Sad. Really Sad. That’s about the only way I can truly articulate my current feelings. After just two short weeks on the field in Cambodia, my team was woken up in the middle of the night with a message that would change the trajectory of our entire Race: we were going home.
Due to the current COVID-19 pandemic that is affecting just about every corner of our globe, Adventures in Missions made the decision to pull all World Race squads off of the field as borders began to close, flights began to change, and the virus continued to spread to many of the countries in which their missionaries were living. So, within a matter of 24 hours, we were packing our bags and heading to the Siem Reap airport to leave Cambodia as quickly as possible. From there, we took a short flight to Singapore, had a 19-hour layover, flew to Tokyo, and then finally to Los Angeles. The original plan was to stay in LA for a few days to debrief and process together as a squad, but because of the increasing severity of the situation, we said our goodbyes today and will be flying back to our home states within the next 18 hours.
As could be expected, this quick turnaround has proved hard and lacked some much needed closure — for all of us. Missing out on 2 more months in the beautiful country of Cambodia, 2 more months of living in the BEST community with my Gap A family, 2 more months with my sweet team, and 2 more months of growth and transformation are things I’ve started to come to terms with over the last few days. And it hasn’t been easy. If you don’t believe me, ask the custom’s officer who greeted me in the States (I literally couldn’t answer ANY of his questions, I was sobbing so uncontrollably).

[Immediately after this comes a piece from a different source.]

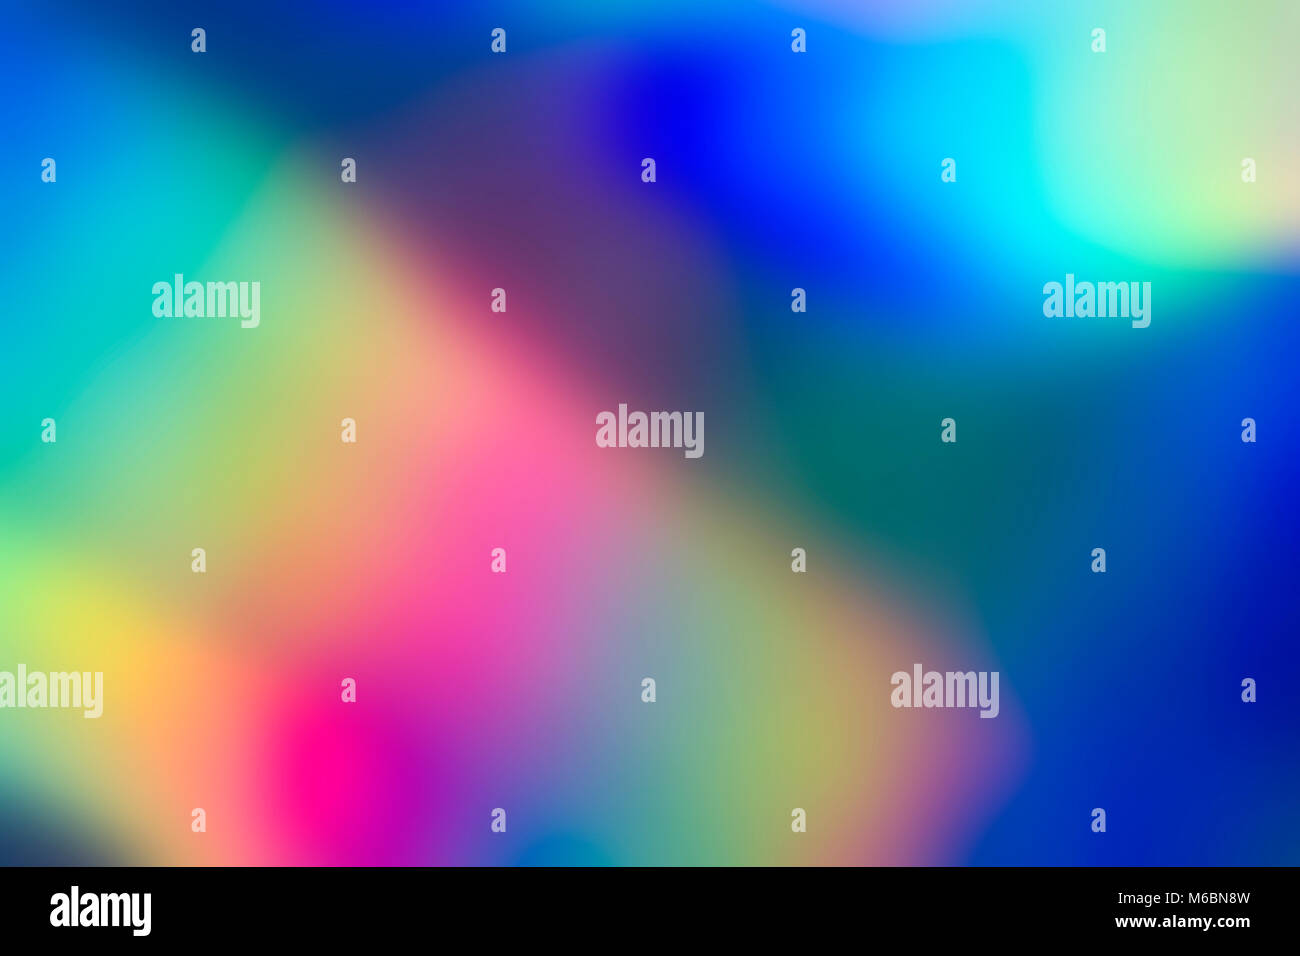 Spektrum abstrakt vaporwave holographische Hintergrund, trendigen bunten Kulisse in Pastelltönen Neon farbe. Für kreative Design Cover, CD, Plakat, Buch, Druckeni Stockfoto
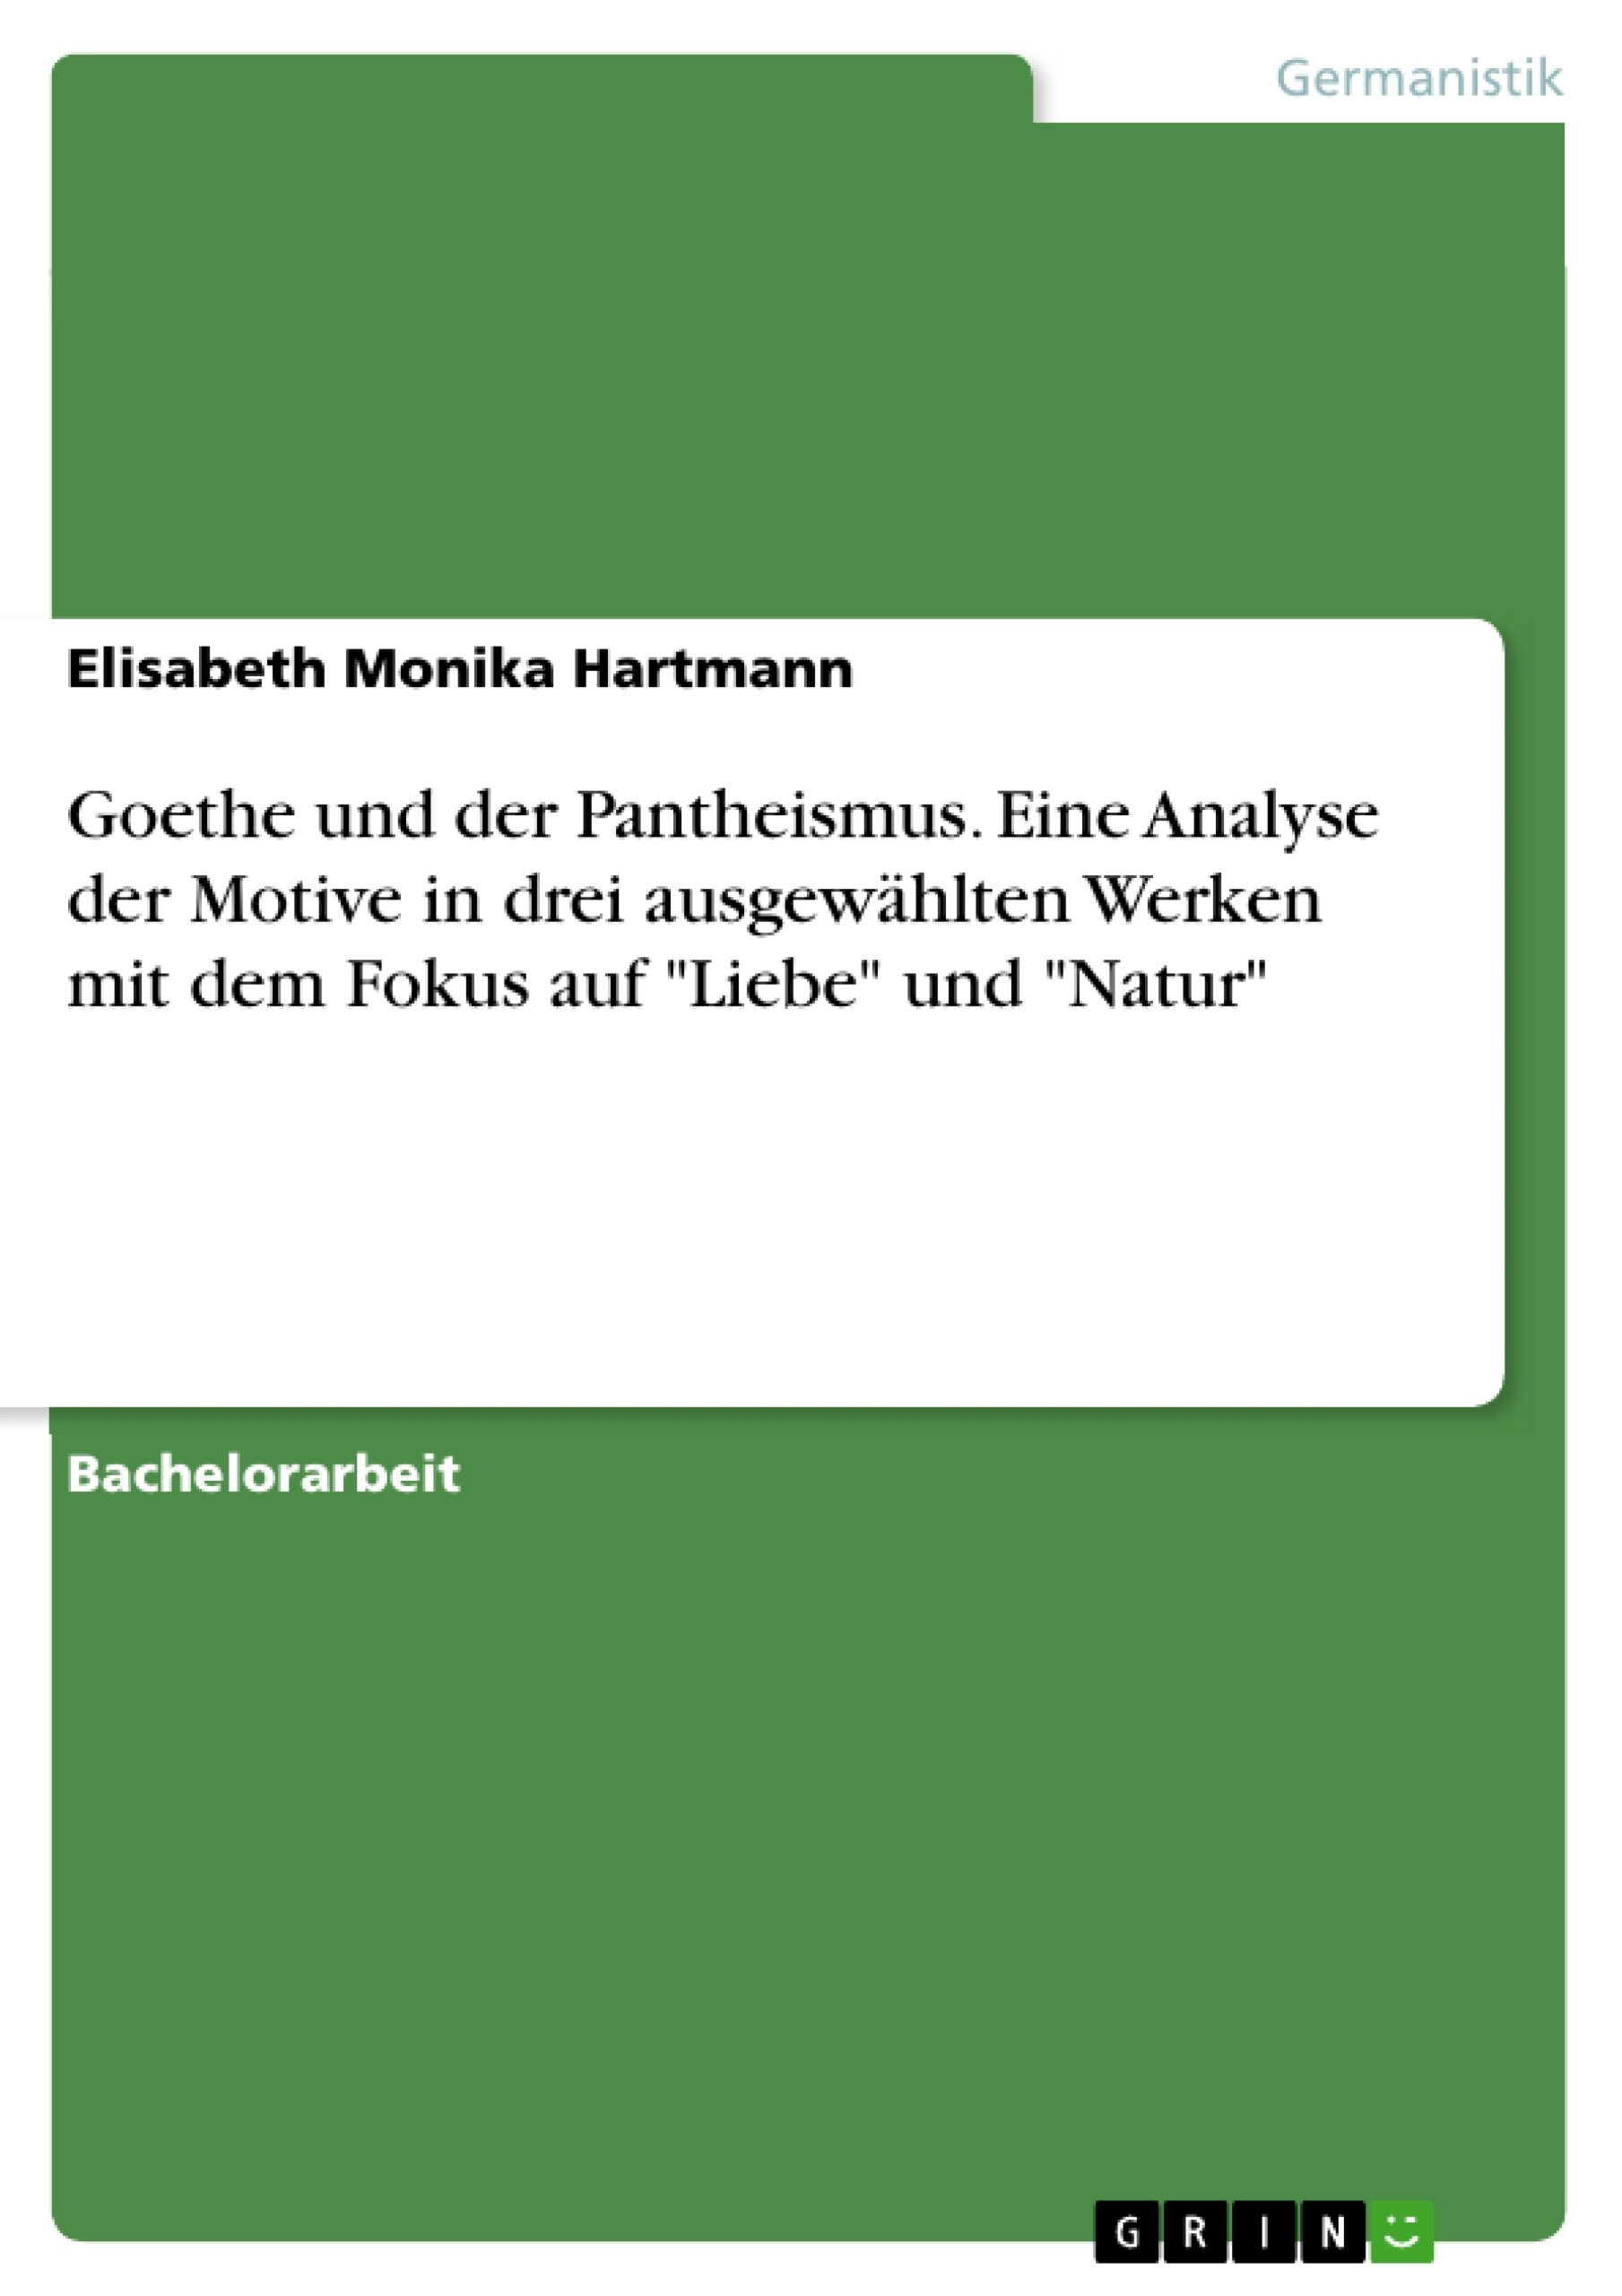 Title: Goethe und der Pantheismus. Eine Analyse der Motive in drei ausgewählten Werken mit dem Fokus auf "Liebe" und "Natur"

This isn’t at all what I had imagined coming home to be like. Not being able to go to my favorite places or eat my favorite foods or see some of my favorite people. It’s hard coming back to an America that’s so different from what it was when I left it. But I’ve decided to choose joy within the sadness and to embrace a positive attitude even when that’s the last thing I want to do. I’ve been reminding myself of the fact that the Lord already knew, even before I started the Race, that I’d only be on it for 7 months. His plan all along was to bring me back home at this time, even in the midst of all of this craziness.
Another funny little God wink I wanted to share — On Sunday, my last night in Cambodia, I sat down to open up the remainder of the letters people had written me to take along my journey. I opened up my “Month 7” letter from Lilly, my younger sister, and read it with a smile, thinking about getting to see her in just a few short days. Anyways. I got to the last line she had written (back in August) which read “I wanted to remind you that the number 7 is representative of ‘completion’ in the Bible, so I personally think that you should be done and come home now so that I can hug you for a really long time. But I guess that’s not how it works. So, I’ll see ya in June!” I thought that that was such a crazy cool confirmation that our God is so much bigger than this whole situation, no matter how confusing it all may seem.
I also wanted to share a bit more of how I’m trying to handle things from here on out. Two pieces of Scripture I’m holding close to my heart right now are Philippians 4:4 “Rejoice in the Lord always; again I will say, rejoice” and Romans 5:3-4 “Not only that, but we rejoice in our sufferings, knowing that suffering produces endurance, and endurance produces character, and character produces hope.” While I’m allowing myself to grieve this loss and to feel all the emotions as they come, I’m choosing to do that with a mindset and heart posture of rejoicing in the Lord, who is the Creator and Perfecter of all things. I am trusting His timing and His will and in that have been able to find peace, hope, and joy — things that, especially during this time, are not super common in our society. I have decided to choose freedom in Jesus over the fear that comes from the world. I am praying that the Lord would reveal to me how to be a refreshment to my community back home and to utilize the things He has given and shown me on the Race to ignite hope within a nation that is begging and yearning so desperately for something to hope in and hold on to.
During this time, I’m asking for a lot of prayers and a lot of patience — for me, and for my whole squad. Everything has happened so suddenly, leaving us with little time to process re-entry into the United States or even think about having to return home so early. I always feel so loved and encouraged by all of your messages, and with that am asking in advance for a little grace if it takes me a bit longer than usual to respond. And while I’m looking forward to jumping right back into the swing of life in Maryland, I will definitely be spending a lot of time alone with the Lord, processing through the last 7 months of my life.
Between saying goodbye to my best friends, many long travel days, the effects of reverse culture shock, and 12 hours of jet lag, I am bracing myself for some very hard weeks ahead. But awhile ago I made a promise to Jesus — that I’d follow him anywhere. Even if he’s leading me right back home.